- Stored items from a collection -
== == ==
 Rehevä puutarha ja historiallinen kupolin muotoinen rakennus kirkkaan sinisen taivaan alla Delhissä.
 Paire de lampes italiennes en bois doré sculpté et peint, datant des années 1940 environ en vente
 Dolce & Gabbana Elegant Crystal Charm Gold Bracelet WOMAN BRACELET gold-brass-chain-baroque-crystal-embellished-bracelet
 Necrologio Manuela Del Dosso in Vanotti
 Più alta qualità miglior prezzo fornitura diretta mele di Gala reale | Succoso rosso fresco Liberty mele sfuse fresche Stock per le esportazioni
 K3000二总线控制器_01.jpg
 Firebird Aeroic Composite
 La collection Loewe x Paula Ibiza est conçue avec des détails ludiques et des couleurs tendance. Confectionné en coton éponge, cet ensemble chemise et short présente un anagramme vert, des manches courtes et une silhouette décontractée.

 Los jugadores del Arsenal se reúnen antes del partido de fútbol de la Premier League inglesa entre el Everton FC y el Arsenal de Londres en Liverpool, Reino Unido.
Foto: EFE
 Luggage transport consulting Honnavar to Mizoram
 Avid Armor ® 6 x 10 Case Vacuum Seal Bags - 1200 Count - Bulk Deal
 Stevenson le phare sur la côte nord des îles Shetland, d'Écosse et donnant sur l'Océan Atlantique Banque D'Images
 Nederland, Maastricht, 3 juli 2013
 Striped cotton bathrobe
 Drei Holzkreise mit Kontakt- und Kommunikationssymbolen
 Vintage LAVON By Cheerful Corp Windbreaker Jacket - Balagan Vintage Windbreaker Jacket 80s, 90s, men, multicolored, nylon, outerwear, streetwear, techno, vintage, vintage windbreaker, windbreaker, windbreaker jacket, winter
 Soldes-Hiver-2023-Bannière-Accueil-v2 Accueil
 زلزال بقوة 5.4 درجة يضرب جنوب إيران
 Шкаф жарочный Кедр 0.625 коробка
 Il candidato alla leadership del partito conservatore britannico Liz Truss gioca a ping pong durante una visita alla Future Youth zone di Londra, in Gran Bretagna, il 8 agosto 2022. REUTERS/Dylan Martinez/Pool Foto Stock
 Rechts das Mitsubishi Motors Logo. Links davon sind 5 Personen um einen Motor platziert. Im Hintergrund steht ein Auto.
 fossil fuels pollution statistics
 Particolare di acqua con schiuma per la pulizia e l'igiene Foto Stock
== == ==
Quote the data above from the line containing "Dolce & Gabbana" to the line containing "K3000二总线控制器_01.jpg", inclusive, and stop.

 Dolce & Gabbana Elegant Crystal Charm Gold Bracelet WOMAN BRACELET gold-brass-chain-baroque-crystal-embellished-bracelet
 Necrologio Manuela Del Dosso in Vanotti
 Più alta qualità miglior prezzo fornitura diretta mele di Gala reale | Succoso rosso fresco Liberty mele sfuse fresche Stock per le esportazioni
 K3000二总线控制器_01.jpg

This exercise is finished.